Dictionary of keyword arguments to pass to ''pandas.DataFrame.to_csv()''.

{}
Source code in isoslam/io.py
def data_frame_to_file(
    data: pd.DataFrame | pl.DataFrame,
    output_dir: str | Path = "./output/",
    outfile: str = "summary_counts.tsv",
    sep: str = "\t",
    **kwargs: dict[Any, Any],
) -> None:
    """
    Write a Pandas DataFrame to disk.

    Parameters
    ----------
    data : pd.DataFrame | pl.DataFrame
        Pandas DataFrame to write to disk.
    output_dir : str | Path
        Location to write the output to, default is ''./output''.capitalize.
    outfile : str
        Filename to write data to.
    sep : str
        Separator to use in output file.
    **kwargs
        Dictionary of keyword arguments to pass to ''pandas.DataFrame.to_csv()''.
    """
    outdir_file = Path(output_dir) / f"{outfile}"
    Path(output_dir).mkdir(parents=True, exist_ok=True)
    if isinstance(data, pl.DataFrame):
        try:
            if re.search(r"parquet$", str(outfile)):
                data.write_parquet(outdir_file, **kwargs)
            elif re.search(r"\..sv$", str(outfile)):
                data.write_csv(outdir_file, separator=sep, **kwargs)
            logger.debug(f"File written to : {outdir_file}")
        except Exception as e:
            raise e
    elif isinstance(data, pd.DataFrame):
        try:
            if re.search(r"parquet", str(outfile)):
                data.to_parquet(outdir_file, **kwargs)
            elif re.search(r"\..sv$", str(outfile)):
                data.to_csv(outdir_file, sep=sep, **kwargs)
            logger.debug(f"File written to : {outdir_file}")
        except Exception as e:
            raise e
    else:
        raise TypeError(f"Can not write output Pandas or Polar Dataframe object not supplied = {type(data)=}")

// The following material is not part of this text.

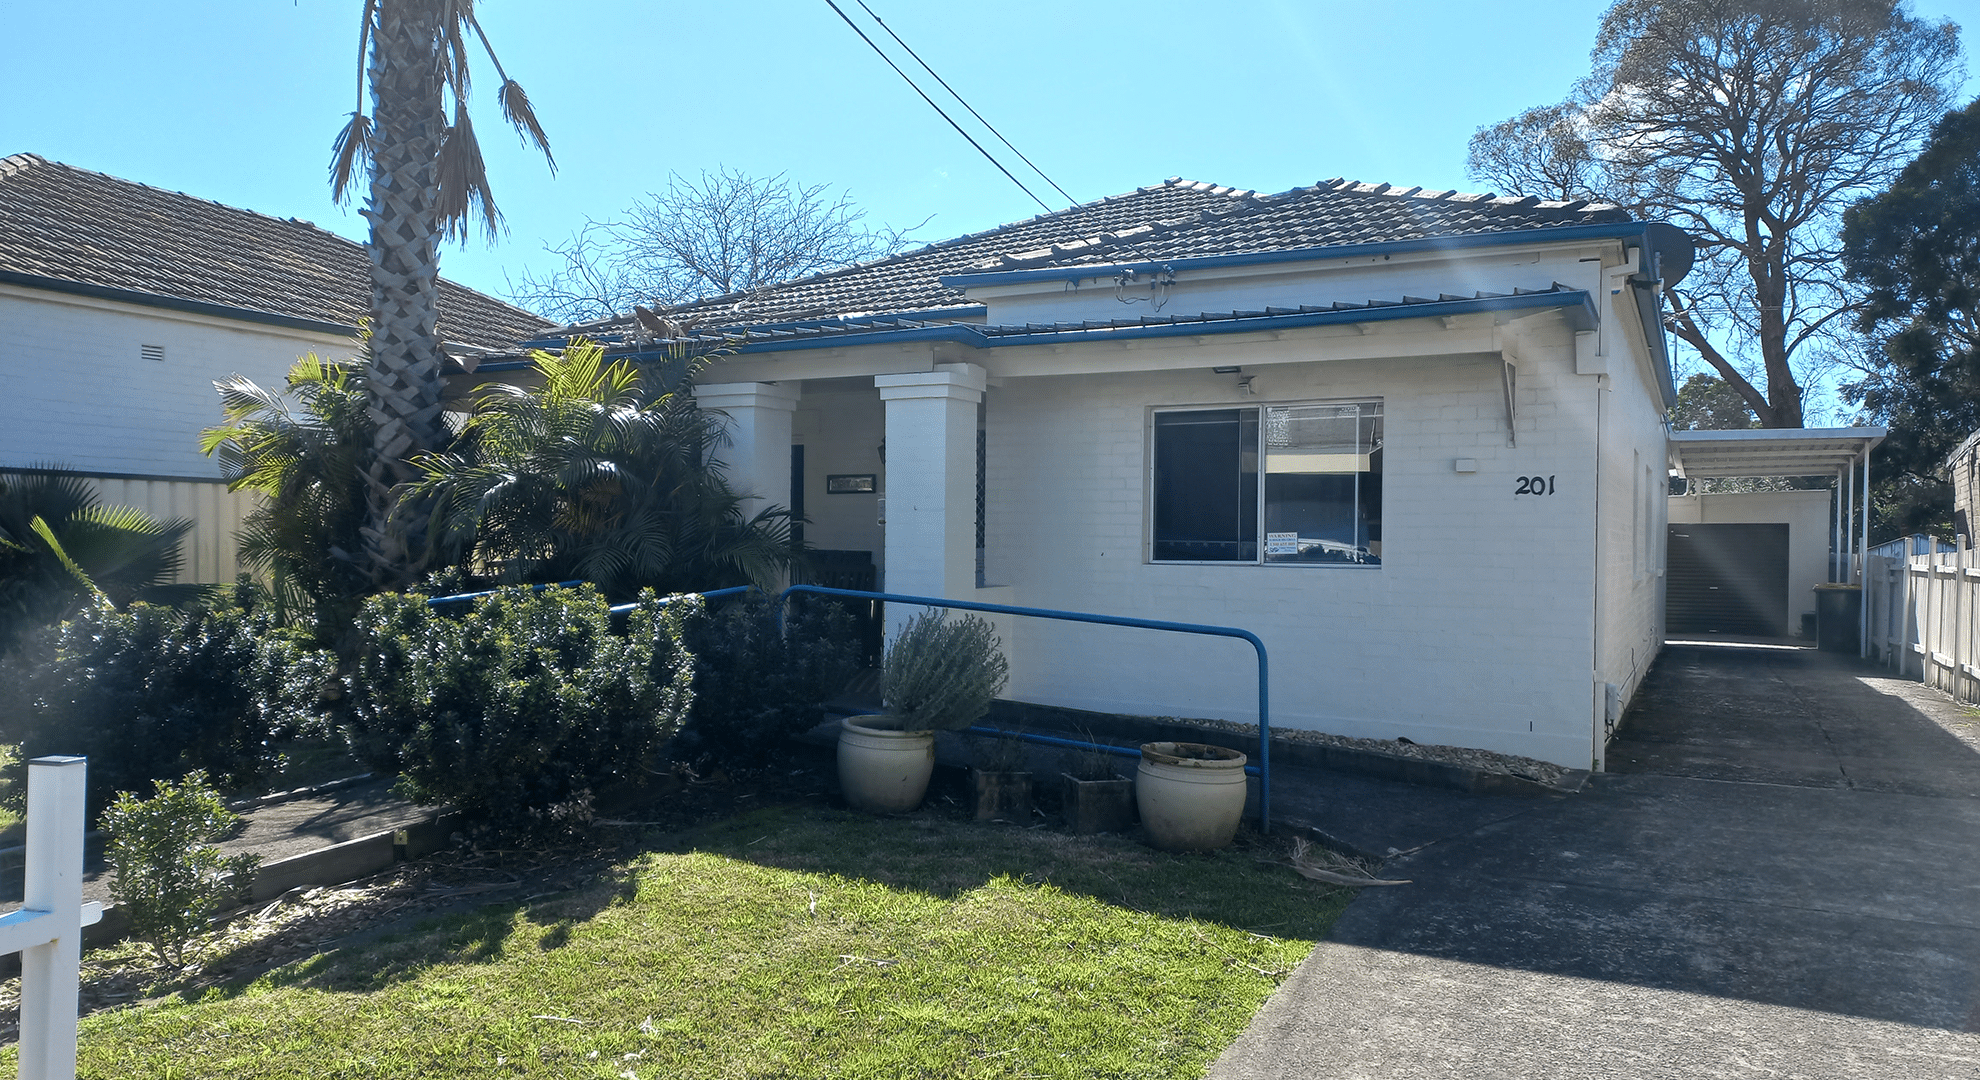 View of the front of the single story brick home with front garden, driveway and lock up garage at the rear of the property.

load_and_update_config(args)

Load a configuration file to dictionary and update entries with user supplied arguments.

If ''args'' does not contain any value for ''args.config_file'' the default configuration (''isoslam/default_config.yaml'') is loaded, otherwise the user specified configuration is loaded.

Once the configuration is loaded any user specified options update the dictionary.

Parameters:

Name Type Description Default
args Namespace

Arguments supplied by user.

required

Returns:

Type Description
dict[str:Any]

Dictionary of configuration optionsupdated with user specified options.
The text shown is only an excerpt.